Brendan was on the second wall now. Alvaro began to pick out targets at random, sending a shower of beans down into the wards of the castle, pinning down the searchers. Three more soldiers fell to the unseen missiles, one crying out and holding a badly bruised knee before Brendan climbed over the last wall and slipped into the river. Alvaro folded up his slingshot, pocketed his beans, and turned to climb out of the building to meet the other vampyre at the river.

A Plague of Dead Rats And Navy Beans On Both Your Houses:

One headline in a local tabloid proclaimed.

Last night guards at the Tower of London had a run-in with the tower ghosts. According to one source, the old Jewel House was visited by a plague of dead rats. While responding to a possible intruder, three of the soldiers guarding the tower were greeted by a shower of rats, one claiming to have discharged his weapon at a dark shape that disappeared through the wall.

Outside, meanwhile, other soldiers responding to the general alarm were met by a hail of Navy beans. Three soldiers were slightly injured during this bean-storm.
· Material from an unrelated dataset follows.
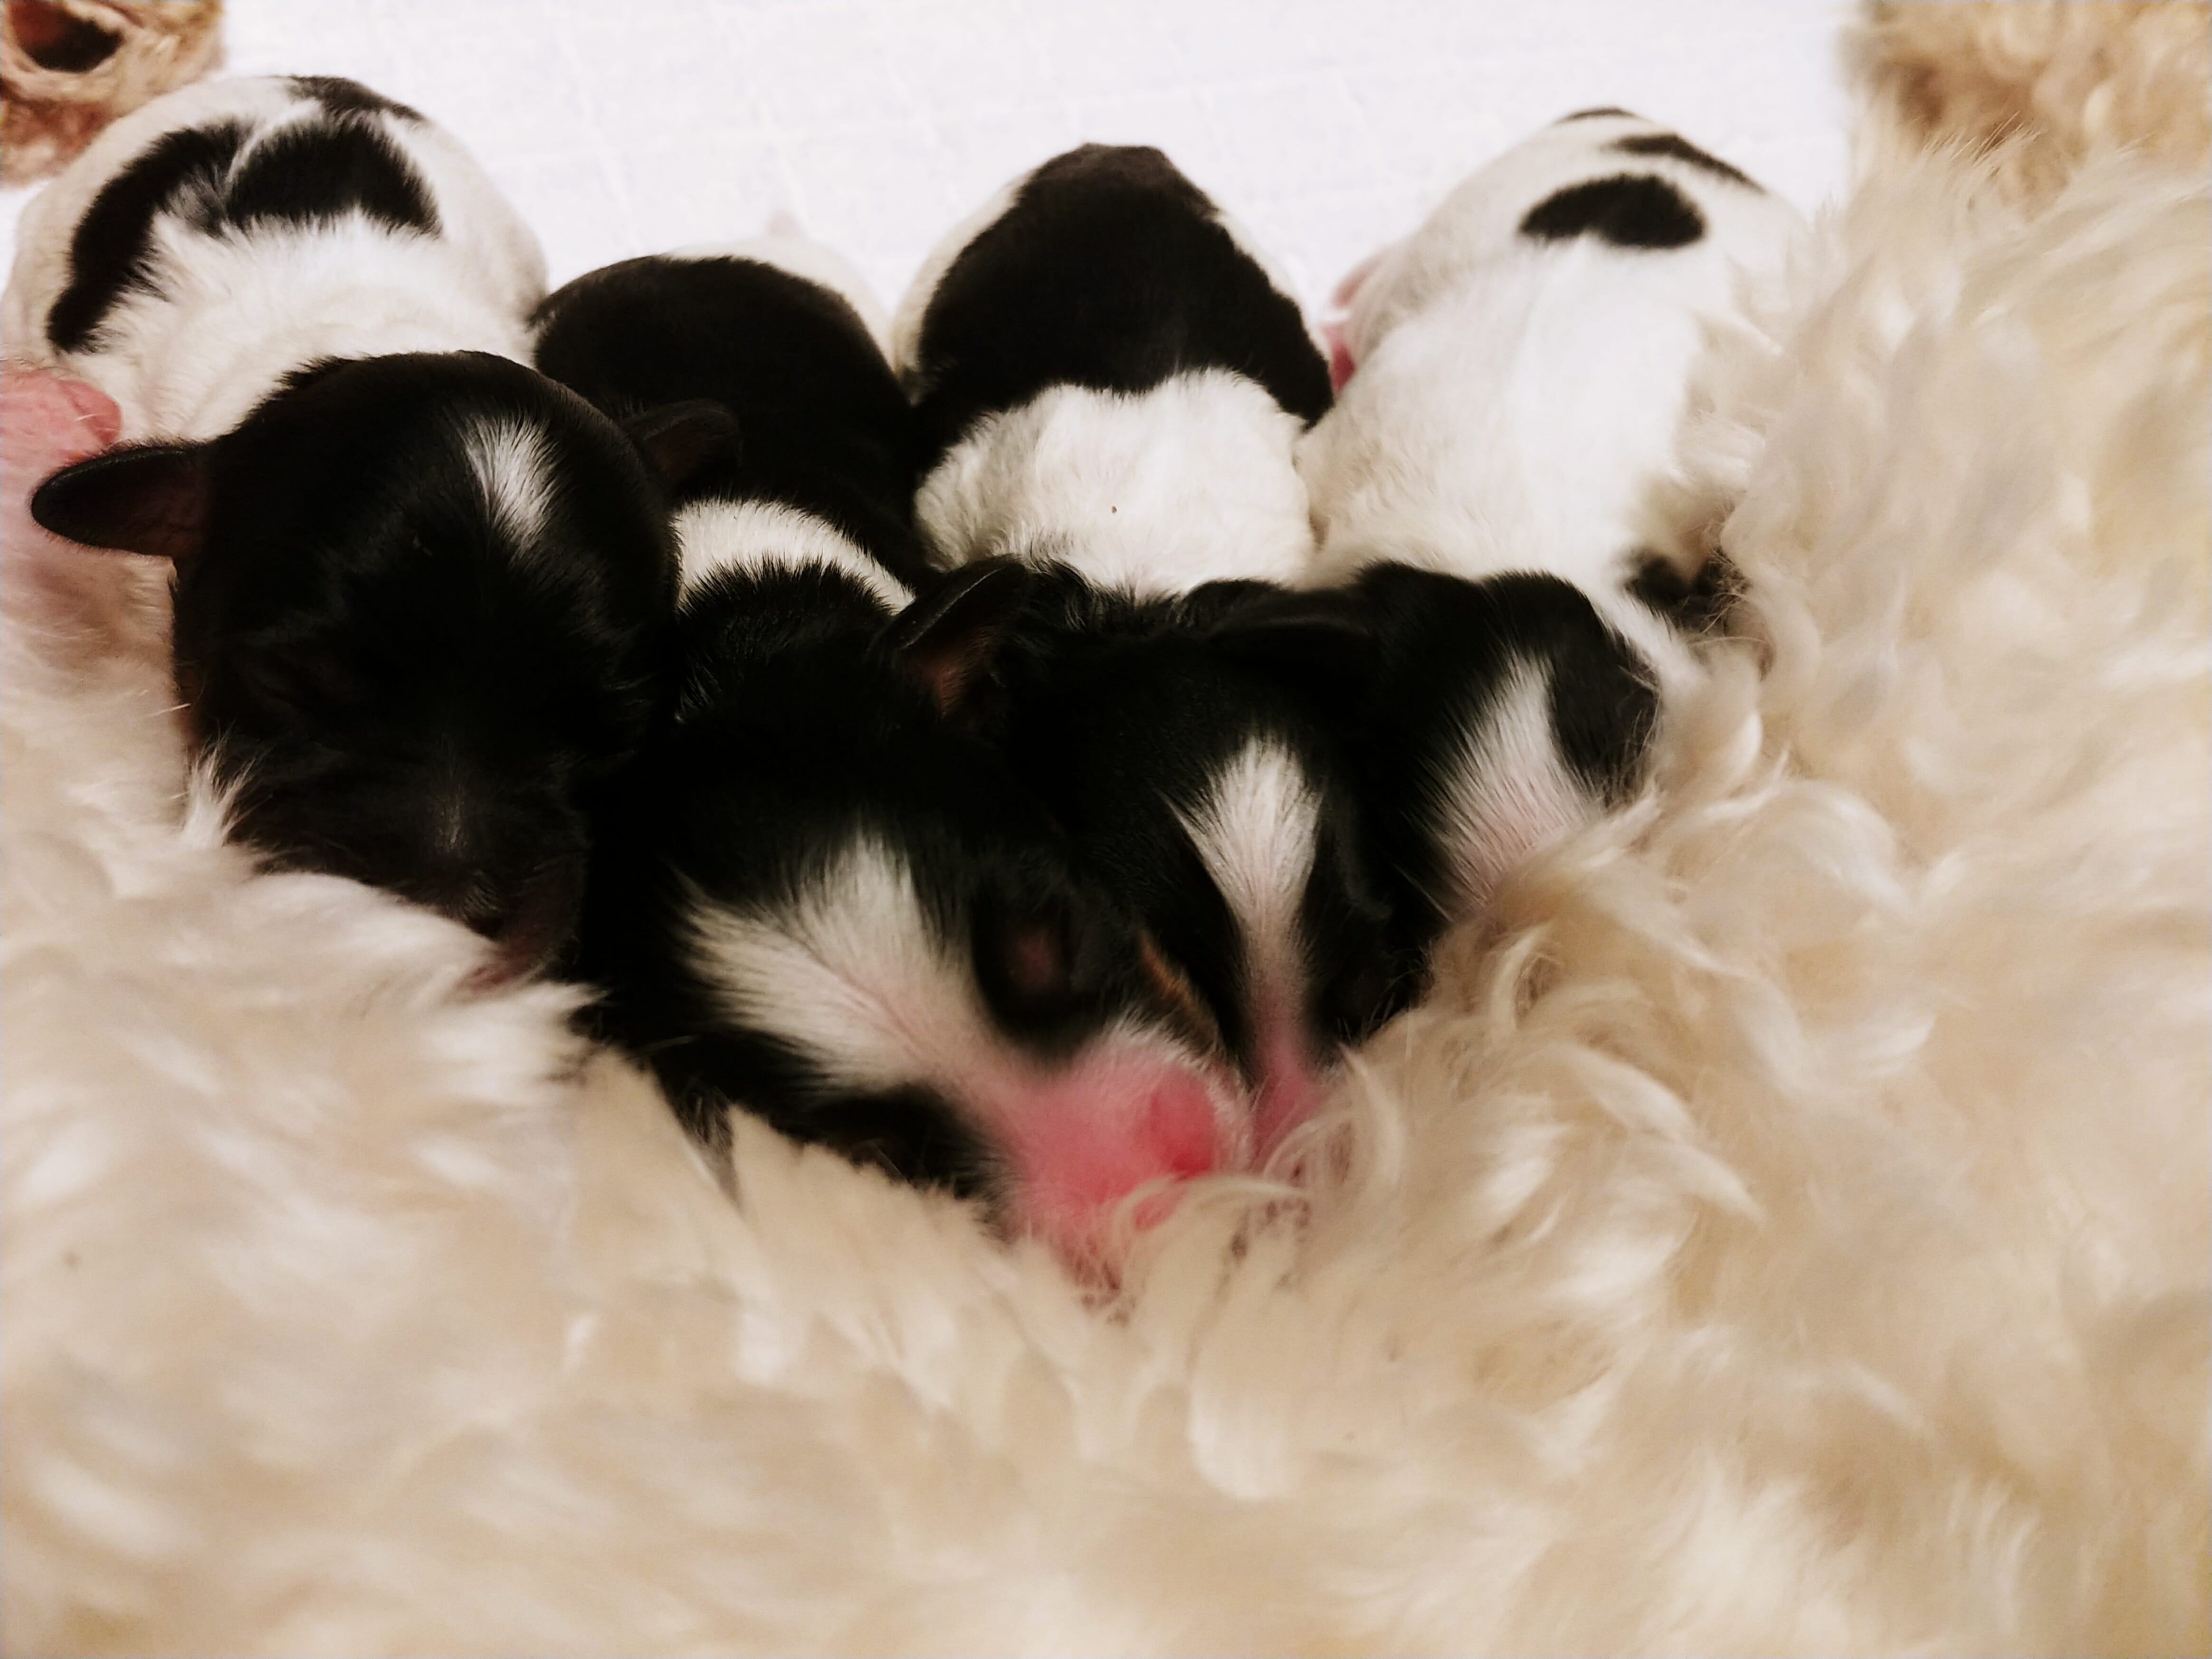 Image of 4 newborn parti pattern labradoodle puppies (white and black) they are snuggled together facing the camera and resting against the belly of their mom. One pink nose is centered in the image.

An interesting side note: a spokesman for Scotland Yard suggests a blood trail was found leading from the Waterloo Barracks and apparently through all three walls. The blood has yet to be identified but is not believed to be human.

Local historian and Tower expert, Reginald Harold, believes the blood trail might follow the route taken by Bishop Ranolf Flambard during his escape. However, there is no historical evidence to support his claims.

“Well,” Angel sighed. “It could be worse.”

“Easy for you to say,” Brendan complained. “You didn’t get shot.”

“It’s only a scratch,” Alvaro assured him. “The bullet went right through. You’ll be good as new by the end of the week.”

“Yes, but will I be able to play the piano?”

“Sorry, can’t help you with that,” Alvaro shrugged. “Major miracles are outside my skill set.”